Well, what do you know, it’s the string containing the input prompt.
The mov instruction, on the other hand, does precisely what it says on the tin: it moves data from one place to another. For example, from memory to a register, from one register to another, or, as in this case, the constant integer 0x0 is moved into register eax. Not terribly interesting.
Position-Independent Code
A small detour on what lea is doing here: lea rdi,[rip+0xe85]. Note that the second operand adds a consant integer 0xe85 to the instruction pointer rip. This allows for construction position-independent code. This allows code to be located anywhere in memory and still be able to access its data section, due to there being a predicable offset between the .text section and the .data section. This is particularly useful for sofware libraries, because they won’t know where in memory they are going to end up being loaded into. By using offsets rather than absolute addresses, this can be mitigated. A great explanation of this mechanism can be found here.
Reading The Input
The next call is to scanf() at offset +59, which reads text form standard input (e.g. the keyboard). That’s the point at which I had stopped the program using CTRL+C. What we want to know first is what type of data the program expects to read int. We can do this by inspecting the format string supplied to scanf(). How do I know this? Since scanf() is a function in the standard I/O libary, we can look up its man page and find out which arguments it accepts. Since the format string is, well, a string, we are looking for a pointer somewhere in the lines of assembly before scanf() is called. Let’s take a closer look:
0x0000000008001188 <+35>: call 0x8001050 <printf@plt>
0x000000000800118d <+40>: lea rax,[rbp-0xc]
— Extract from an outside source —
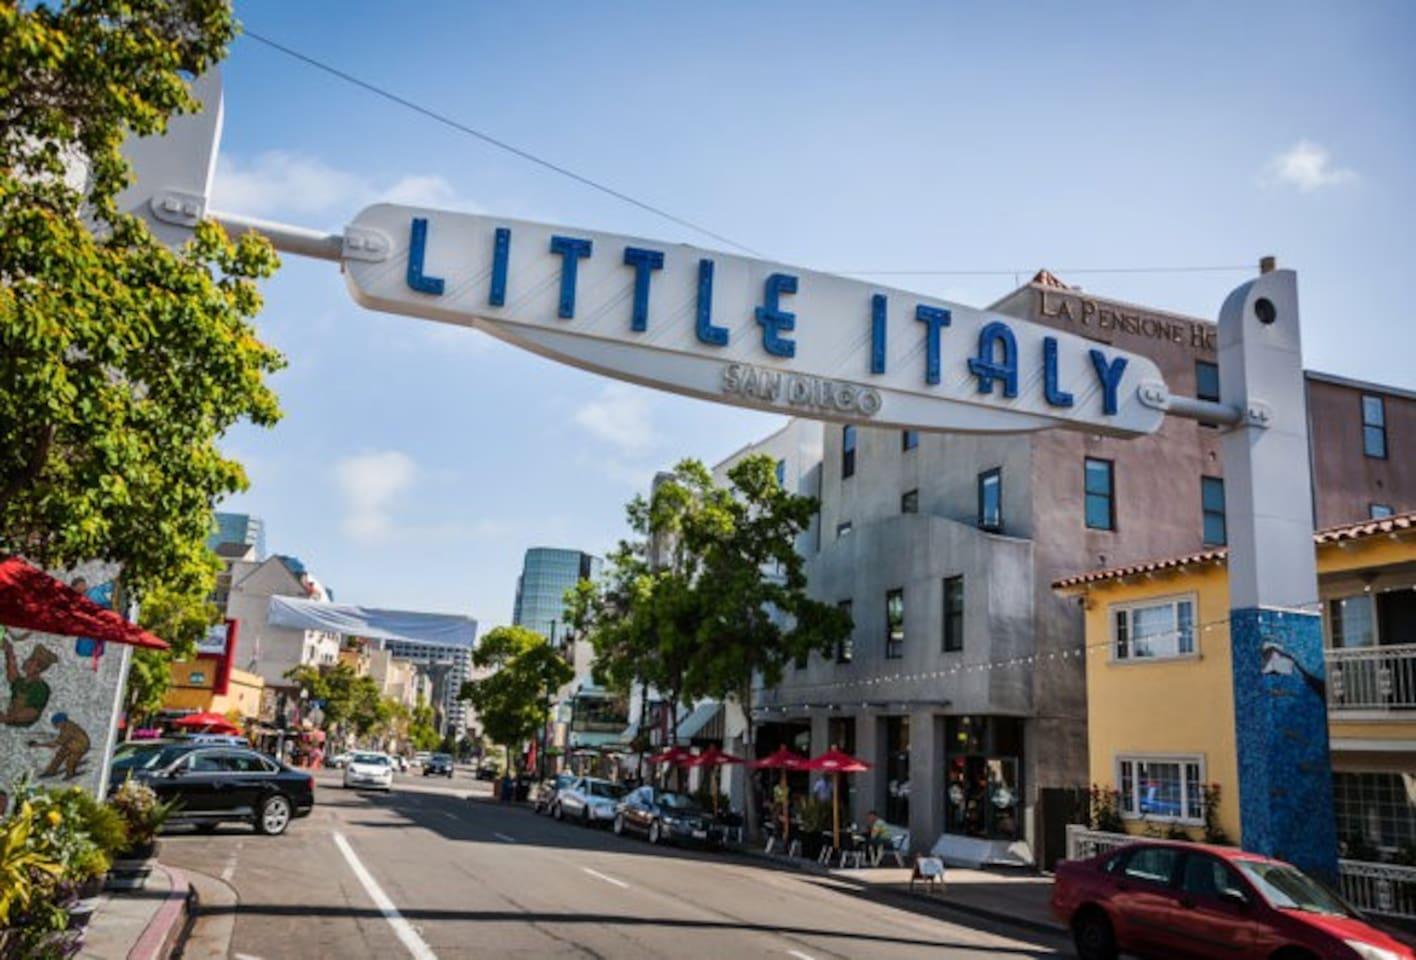 In the center of trendiest neighborhood of San Diego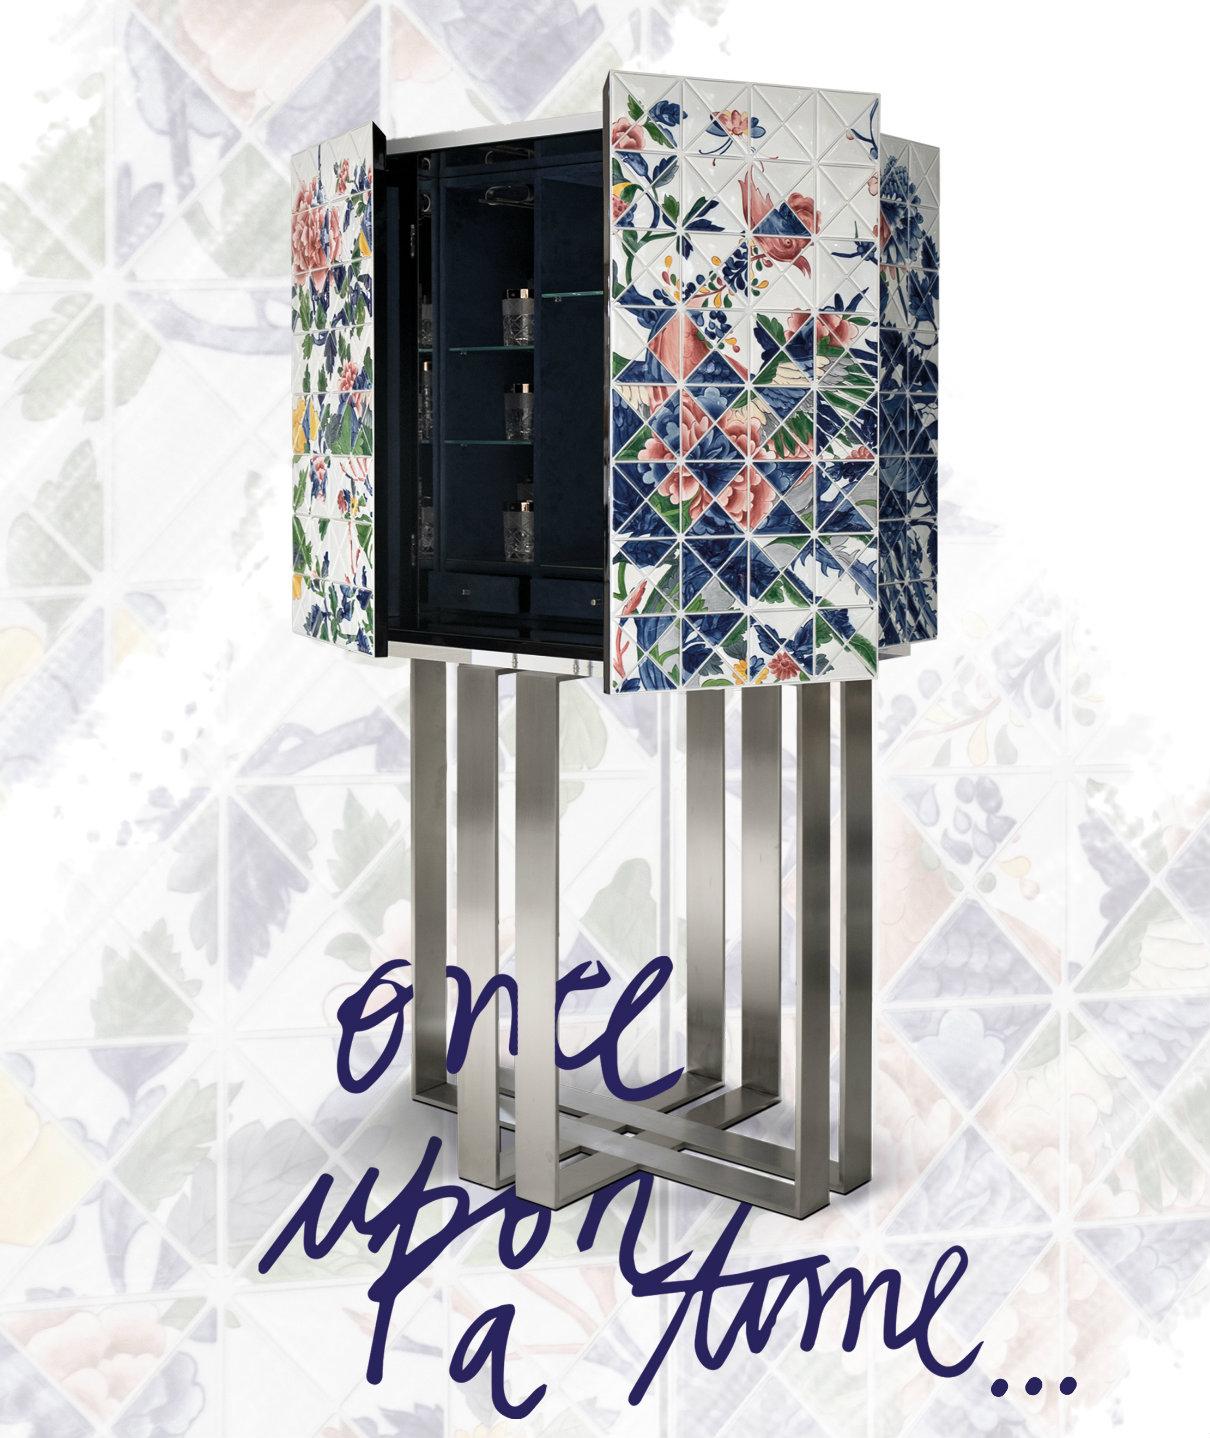 new design concept Discover The New Design Concept Piece by Boca do Lobo and Vista Alegre adv boca do lobo with partnership vista alegre

0x0000000008001191 <+44>: mov rsi,rax
0x0000000008001194 <+47>: lea rdi,[rip+0xe7f] # 0x800201a
0x000000000800119b <+54>: mov eax,0x0
0x00000000080011a0 <+59>: call 0x8001060 <__isoc99_scanf@plt>
The highlighted line contains an lea instruction, which we had looked at in the previous section. It loads the computed address rip+0xe7f into the register rdi. GDB has done the work for us here and prints the computed address on the right: 0x800201a. Let’s examine it:
(gdb) x/s 0x800201a
0x800201a: "%d"
That sure looks like a format string to me. What %d means in the context of scanf() or printf() is an integer. Check out the “Conversions” section of scanf()‘s man page for more info. Since we are reading an int, scanf() must then also populate a pointer to int with the value we enter at the input prompt. We want to know where that integer will end up, so let’s add a breakpoint to the program at the instruction immediately after the call to scanf() and then run the program:
(gdb) b *0x00000000080011a5
Breakpoint 1 at 0x80011a5
(gdb) run
Starting program: /home/thebel/crackme/completed/keyg3nme/keyg3nme
Enter your key: 123
Breakpoint 1, 0x00000000080011a5 in main ()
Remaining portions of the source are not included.